La situation pénible est loin d'être réglée, je ne suis pas la seule protagoniste.Mon inquiétude n'est pas tant focalisée sur le contenu de cette histoire que sur ce qui s'est rejoué, une fois de plus, toujours prise dans ma répétition,et je croyais que le fait d'avoir pu identifier un certain type de réponse de mon côté et pas uniquement à cette occasion, aurait dû m'éviter de retomber dans le même éccueil, au moins de convoquer mon garde-fou et finalement non...je continue à me prendre des claques, à encaisser les coups.Il en résulte une fatigue de soi très pénible aussi, il y a des moments où on se décourage de soi, et j'en viens à cette question qui m'occupe parce qu'elle est très liée à ce qui s'est passé récemment: pourquoi va t-on ou entretient-on ce qui ne génère aucun plaisir (alors que je voyais ça l'autre jour dans une revue on continue à nous faire croire, à nous "vendre"l'idée que l'homme cherche le bonheur...)je n'en suis pas si sûre...

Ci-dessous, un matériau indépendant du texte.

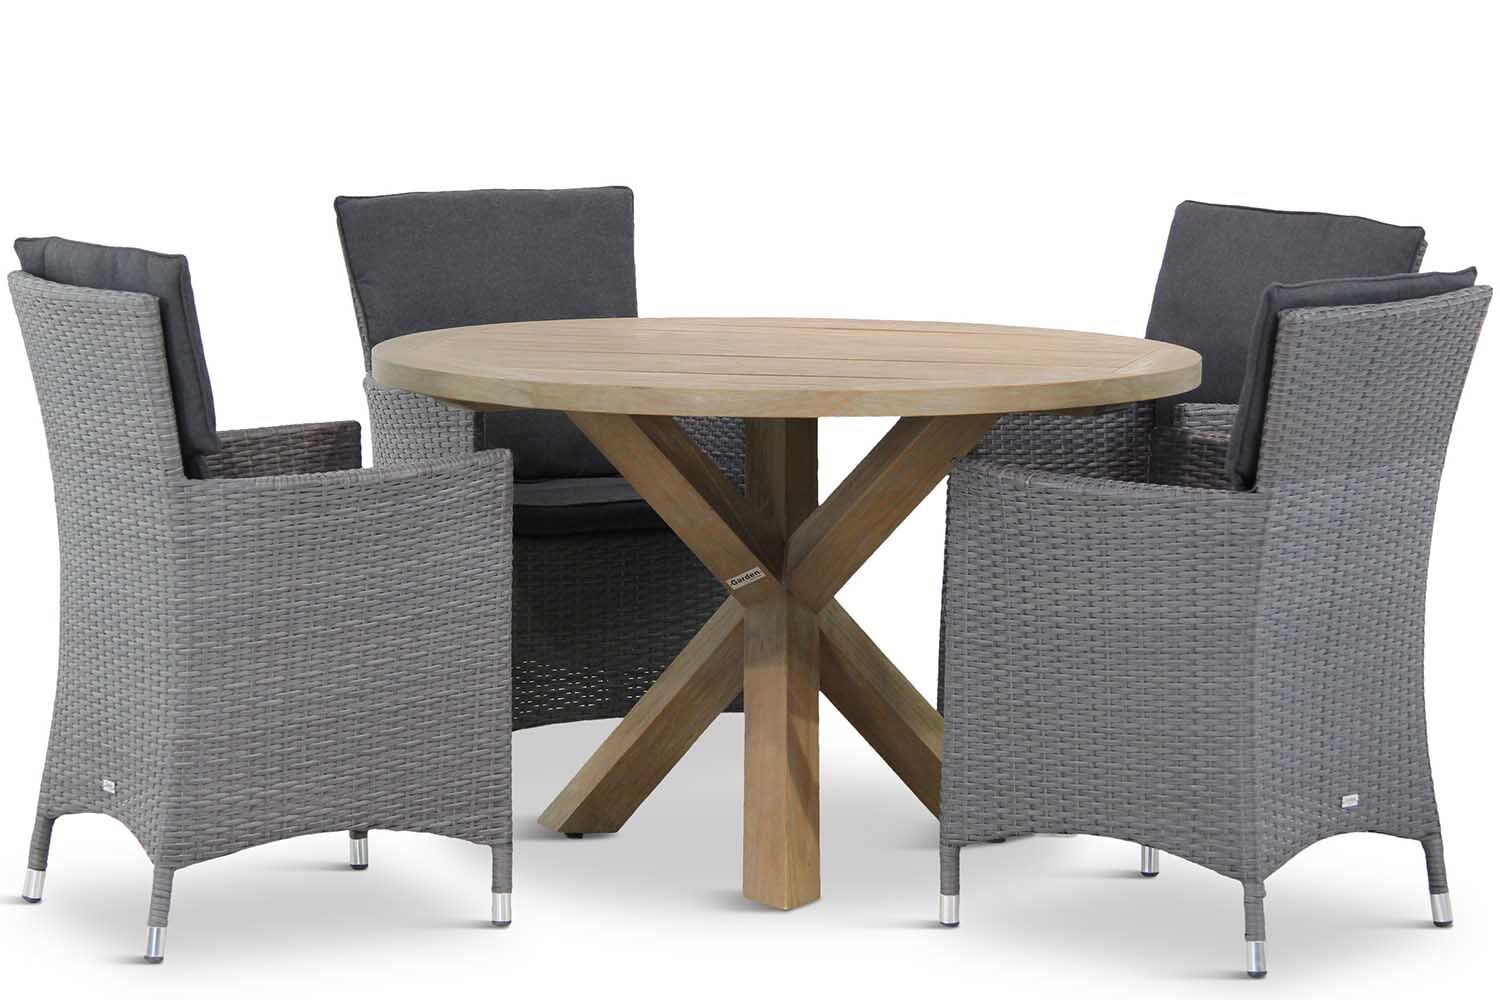 Garden Collections Orlando/Sand City rond 120 cm dining tuinset 5-delig - Grijs-antraciet
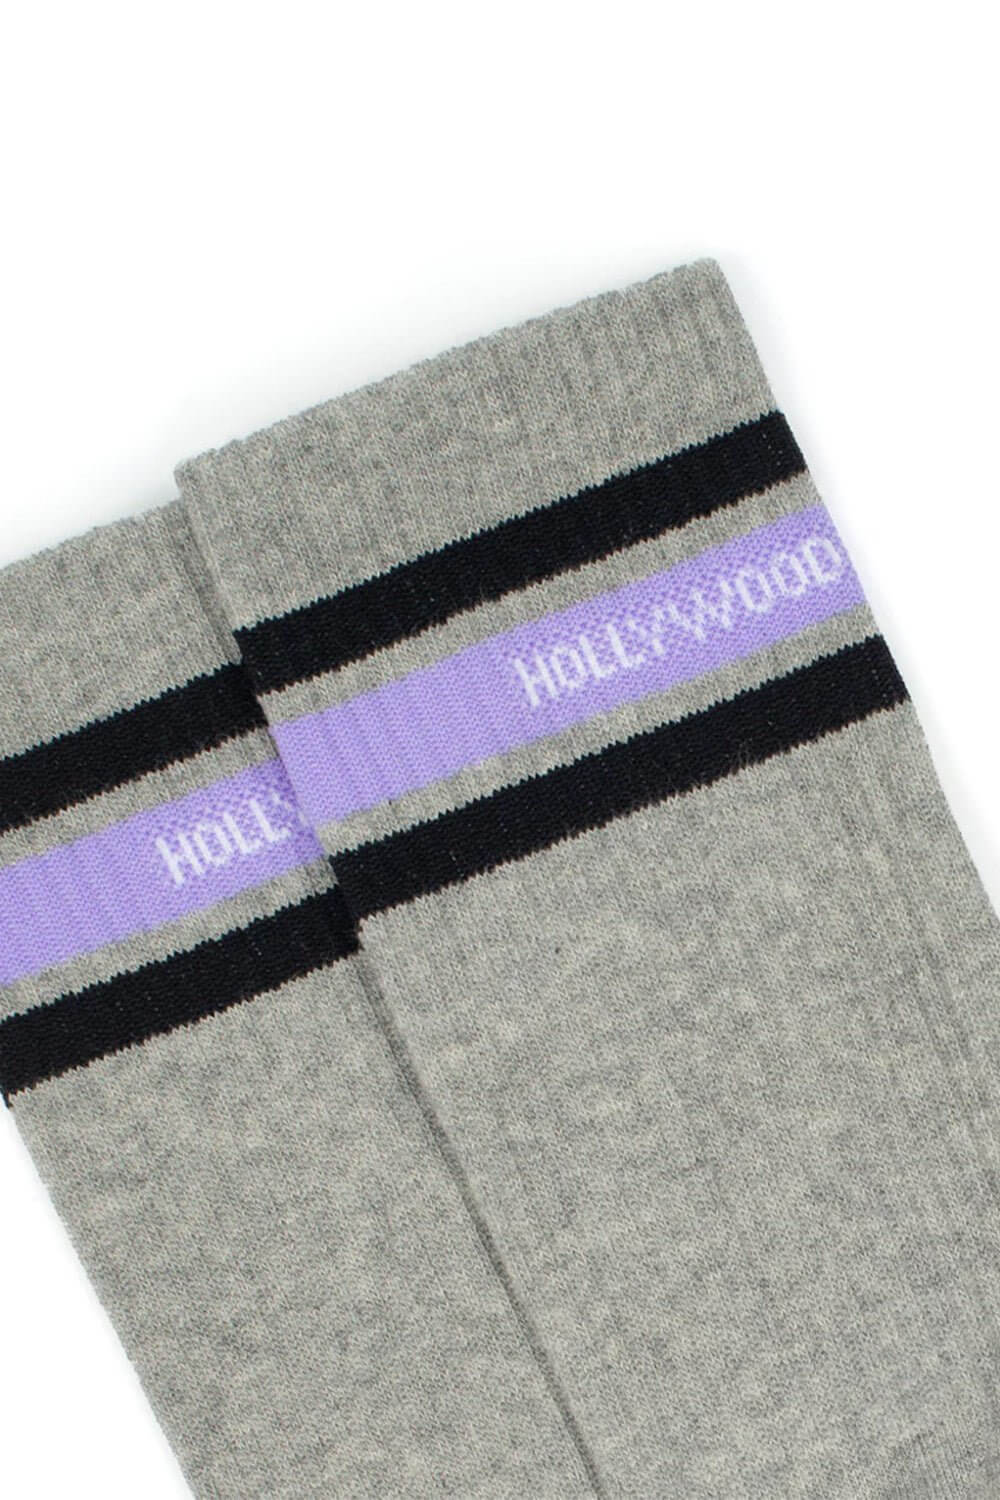 HTC BASIC WOMAN SOCKS Signature woman socks with Hollywood Trading Co script logo. 85% Cotton 10% Polyamide 5% Elastane. Made in Italy HTC LOS ANGELES

Pourquoi le sachant, je ne parviens pas à tordre le cou à ce fonctionnement au moment critique, quand cesse t-on de répéter, et je m'adresse aux internautes, est-ce que l'on se rend compte que les hostilités ont cessé, ou pas,pour ceux et celles qui ont dépassé ce stade.Je sais que pour chaque personne la réponse variera sans doute mais je doute bcp de moi, je m'interroge, la répétition est-elle toujours résistante même après plusieurs années d'analyse.Je sais qu'il n'y a aucun "remède" à ce mal mais la répétition est une source là aussi de "souffrances" quotidiennes, la cause du découragement, d'une sorte de perplexité, et d'une envie parfois d'en finir avec l'analyse parce que je veux m'en sortir alors que je ne peux que constater que je continue à m'enfermer.Je n'en sors pas de ma contradiction, de mon paradoxe...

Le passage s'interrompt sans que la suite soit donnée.